Seated at a table in Mr. Sullos’s office, talking to him and Cathy, felt like chatting with Edgar Rice Burroughs enthusiasts. There was no sense of awkwardness that I was merely a fan swinging past a corporate office. Burroughs is a living presence in that room, and not just because the walls are lined with editions of every book he wrote, or that hanging on the walls are original J. Allen St. John and Frank Frazetta paintings. It simply feels that the people who work here expect Ed to walk through the back door, straw Panama hat on his head and dust from the horse ride on his boots, and genially ask how they’re all doing. Although the employees today never knew Edgar Rice Burroughs when he was alive, they would no doubt find it easy to talk to him as if they were lifetime friends. I’m sure Ed would be pleased to discover his old writing desk still waiting for him.

Burroughs’s descendants still own the company, and even though no family member was in the office the day I was visiting, the sensation of family is powerful. But there is also a touch of tragedy. Danton Burroughs, ERB’s grandson by his son Jack, served as president of the company for many years, but he died abruptly from heart failure in 2008 at age sixty-three — only a day after a fire at his home destroyed a large amount of family memorabilia. Danton’s death came at a time of major change in the company: that very day he was to be named Chairman of ERB Inc., with Jim Sullos moving into the role of president. “We expected at least ten more years with him,” Jim told me, also remarking that the stress of the fire probably contributed to Danton’s death: he was collector and deeply attached to his grandfather’s legacy. Cathy added that even five years later, they miss him every day.

As we talked, the conversation turned to Burroughs’s appeal that continues to stretch across the generations. Jim pointed out that there is so much happening in his books (he picked Son of Tarzan as a good example — that is a busy book), so many ideas, that readers can’t help but tumble into this creative tsunami. But where did these ideas come from? How did this man, who showed no inclination toward creativity before penning A Princess of Mars, become, in the words of Ray Bradbury displayed on the company website, “The most important author of the twentieth century?”

Nobody, not even Burroughs if he walked into the room to join us like I expected, could answer that. But I explained to Jim and Cathy what personally draws me to Burroughs today: His writing always gives readers something to think about beyond the basic plot and action. This is why I find ERB such a fascinating author to write about; my mind starts clicking furiously as his action-packed plots roar along. You rarely find this quality in thrillers of any stripe today, which are as disposable as candy wrappers after you’ve eaten your sugary treat. Or, dust jackets to folks in the 1920s.

I learned new information from talking to Jim and Cathy, such as that it was Emma, Burroughs’s first wife, who forced him to bring Jane Porter back to life after Burroughs killed her off in Tarzan the Untamed. (The author found a way around that later: he simply ignored Jane for a whole stretch of books.) There are also various movie projects kicking around: a complete screenplay adaptation of The Outlaw of Torn has toured Hollywood.

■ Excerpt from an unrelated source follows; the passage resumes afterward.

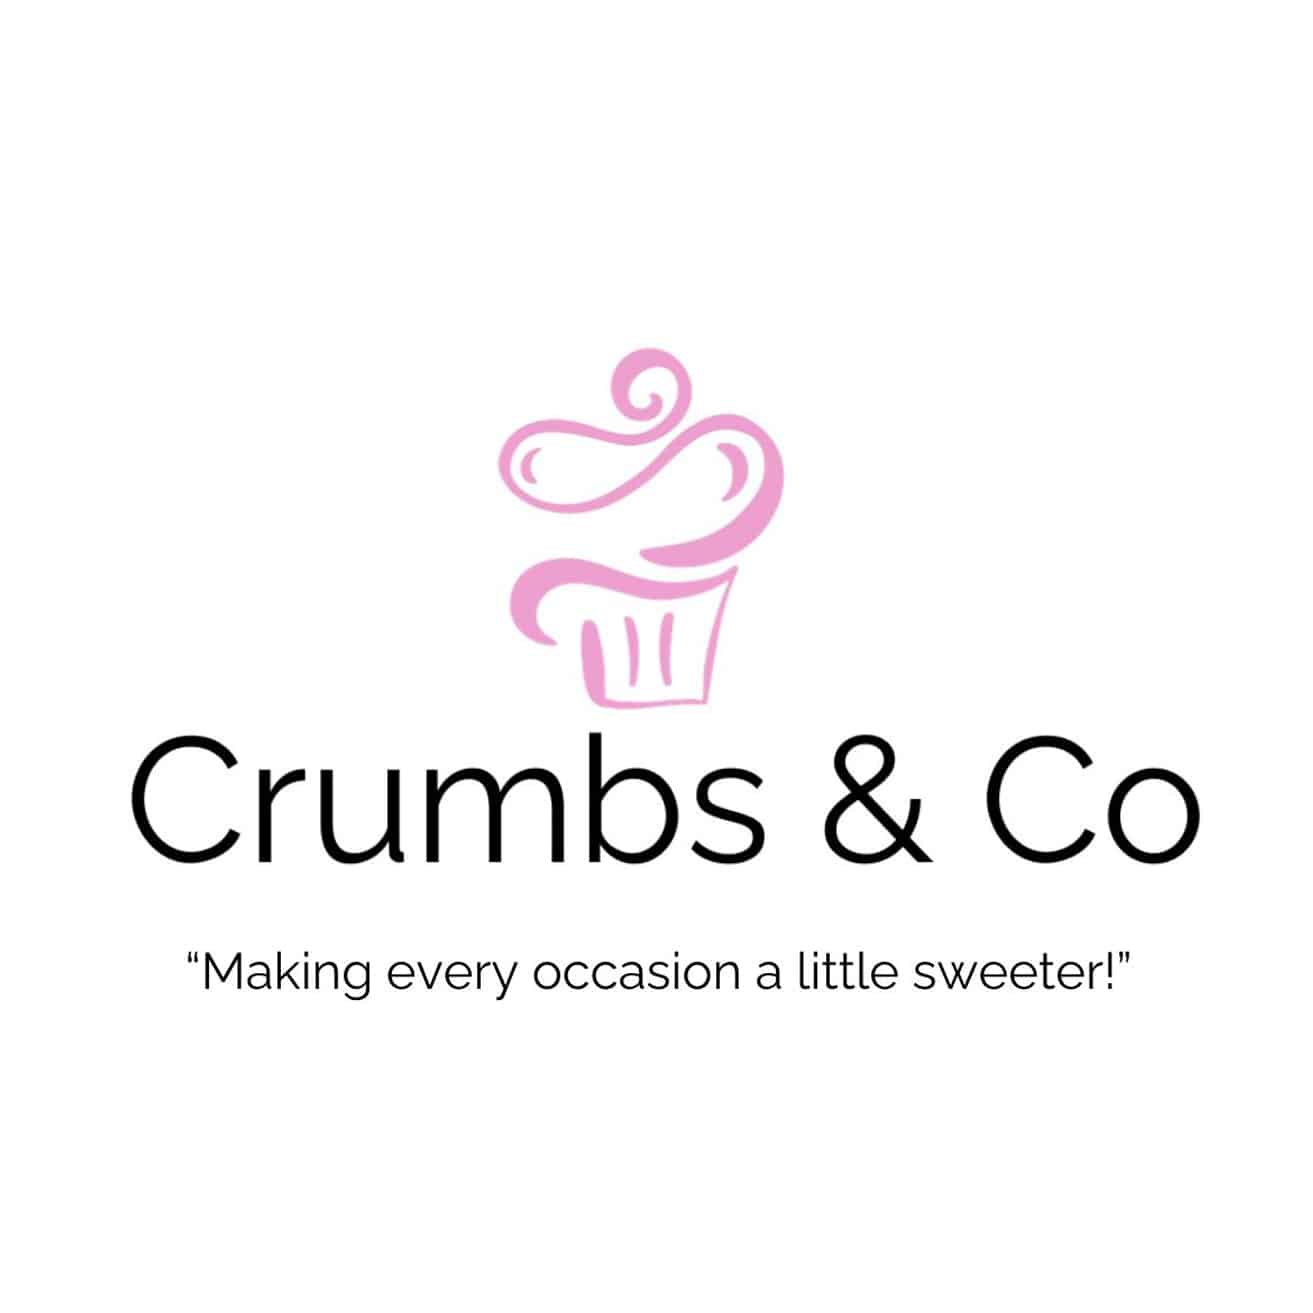 Crumbs & Co, Making every occasion a little sweeter!

Unfortunately, the word right now is that the Ridley Scott Robin Hood has soured the studios on medieval adventure. I also discovered that the new Tarzan series from Andy Briggs has finally found a U.S. publisher a few years after the first U.K. publication. Fantastic: I’ve purchased them all now and you can expect to hear more about them soon.

The talk eventually turned, of course, to the recent John Carter movie. Disney has a few years left to decide whether to renew the rights or let them revert back to the family. Jim asked me straight if I thought The Gods of Mars will happen, and I wished I could have answered with greater hope. After reading John Carter and the Gods of Hollywood, the recent book detailing how Disney fumbled the film, it is difficult to stay optimistic about future Mars movies. But there is some positive news about the reception of John Carter. Cathy told me that her thirteen-year-old daughter loved John Carter when she saw it in a packed theater with fans for a special December screening. Yes, these are the young people who need to get Burroughs into their blood!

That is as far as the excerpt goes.